ARTIFICIAL INTELLIGENCE IN VIDEO GAMES
One of the main challenges for AI is creating intelligent agents that can become more proficient in their tasks over time and adapt to new situations as they occur. These abilities are crucial for robots deployed in human environments, as well as for various software agents that live in the Internet or serve as human assistants or collaborators.
Although current technology is still not sufficiently robust to deploy such systems in the real world, they are already feasible in video games. Modern video games provide complex artificial environments that can be controlled and carry less risk to human life than any real-world application (Laird and van Lent, 2000). At the same time, video gaming is an important human activity that occupies millions of people for countless hours. Machine learning can make video games more interesting and reduce their production costs (Fogel et al., 2004) and, in the long run, might also make it possible to train humans realistically in simulated, adaptive environments. Video gaming is, therefore, an important application of AI and an excellent platform for research in intelligent, adaptive agents.
Current video games include a variety of high-realism simulations of human-level control tasks, such as navigation, combat, and team and individual tactics and strategy. Some of these simulations involve traditional AI techniques, such as scripts, rules, and planning (Agre and Chapman, 1987; Maudlin et al., 1984), and a large part of AI development is devoted to path-finding algorithms, such as A*-search and simple behaviors built using finite-state machines.

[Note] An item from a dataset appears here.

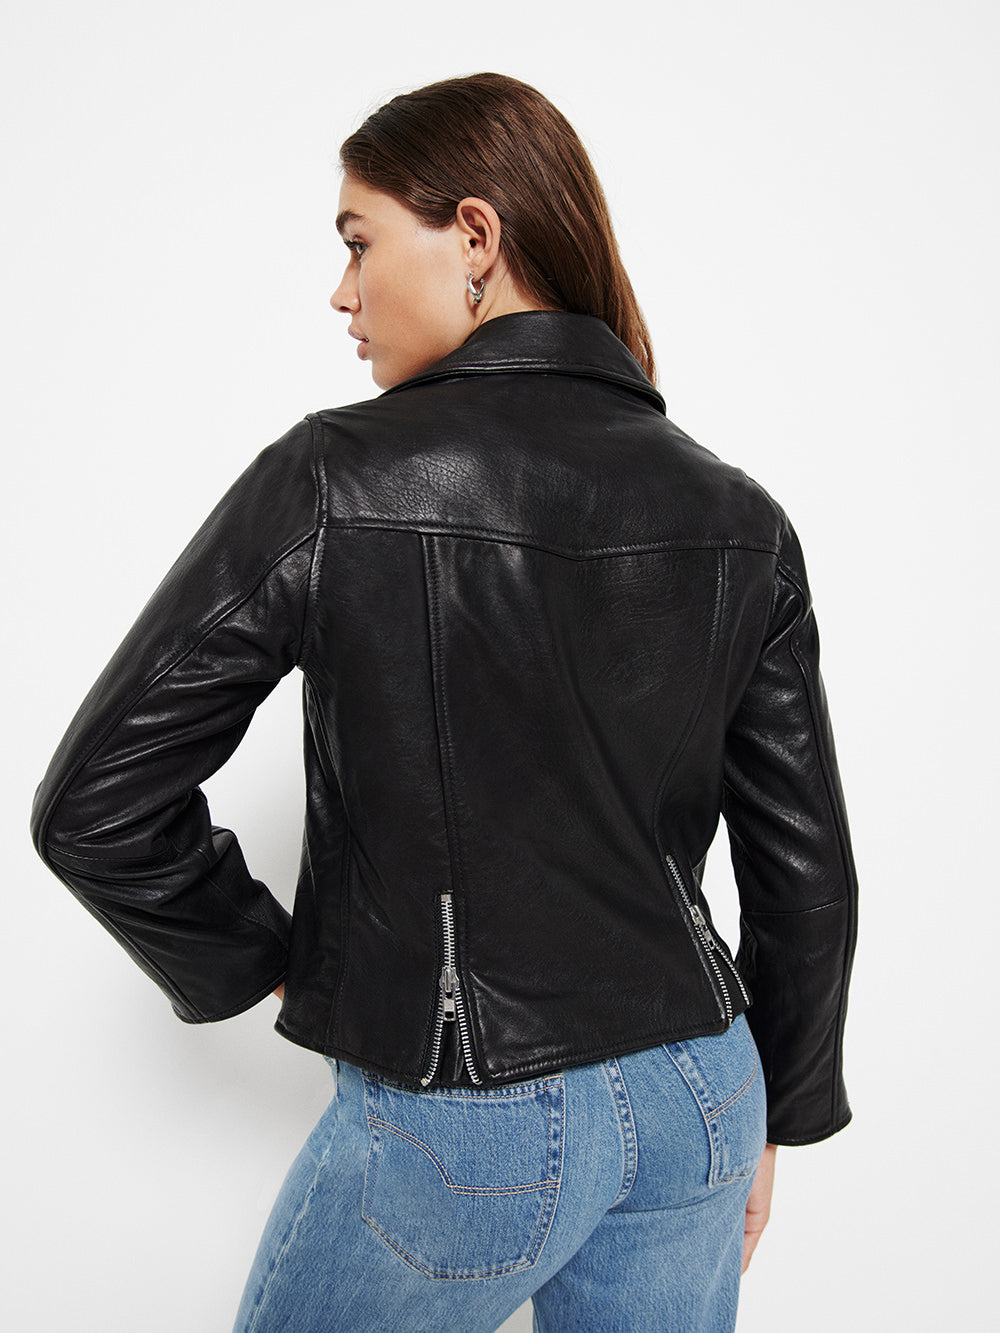 The Leather Biker Jacket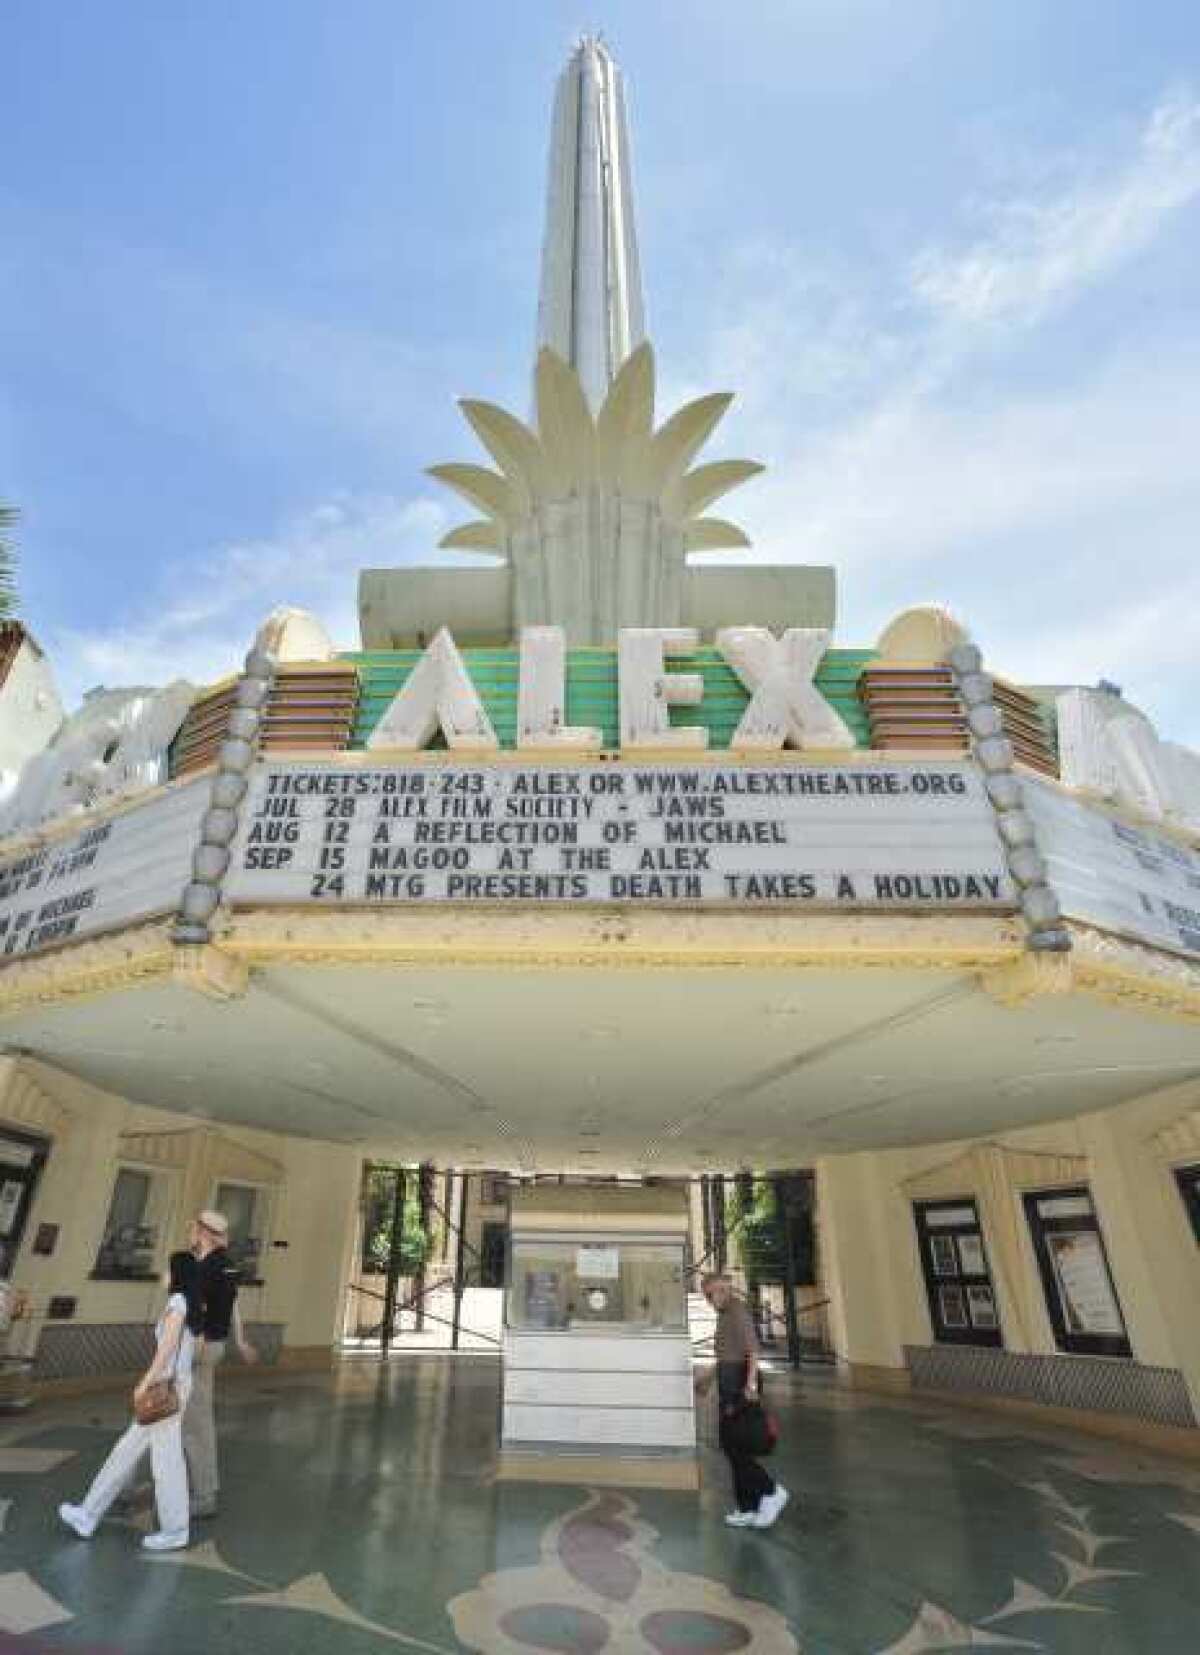 Pedestrians walk past the Alex Theatre. The City Council approved a zone change designating the venue as a civic building.

AI is
used to control the behavior of the nonplayer characters (NPCs, i.e., autonomous computer-controlled agents) in the game. The behaviors of NPCs, although sometimes impressive, are often repetitive and inflexible. Indeed, a large part of the gameplay in many games is figuring out what the AI is programmed to do and learning to defeat it.
Machine learning in games began with Samuel’s (1959) checkers program, which was based on a method similar to temporal-difference learning (Sutton, 1988). This was followed by various learning methods applied to tic-tac-toe, backgammon, go, Othello, and checkers (see Fürnkranz, 2001, for a survey). Recently, machine-learning techniques have begun to appear in video games as well. For example, Fogel et al. (2004) trained teams of tanks and robots to fight each other using a competitive co-evolution system, and Spronck (2005) trained agents in a computer role-playing game using dynamic scripting. Others have trained agents to fight in first- and third-person shooter games (Cole et al., 2004; Hong and Cho, 2004). Machine-learning techniques have also been applied to other video game genres, from Pac-Man (Lucas, 2005) to strategy games (Bryant and Miikkulainen, 2003; Yannakakis et al., 2004).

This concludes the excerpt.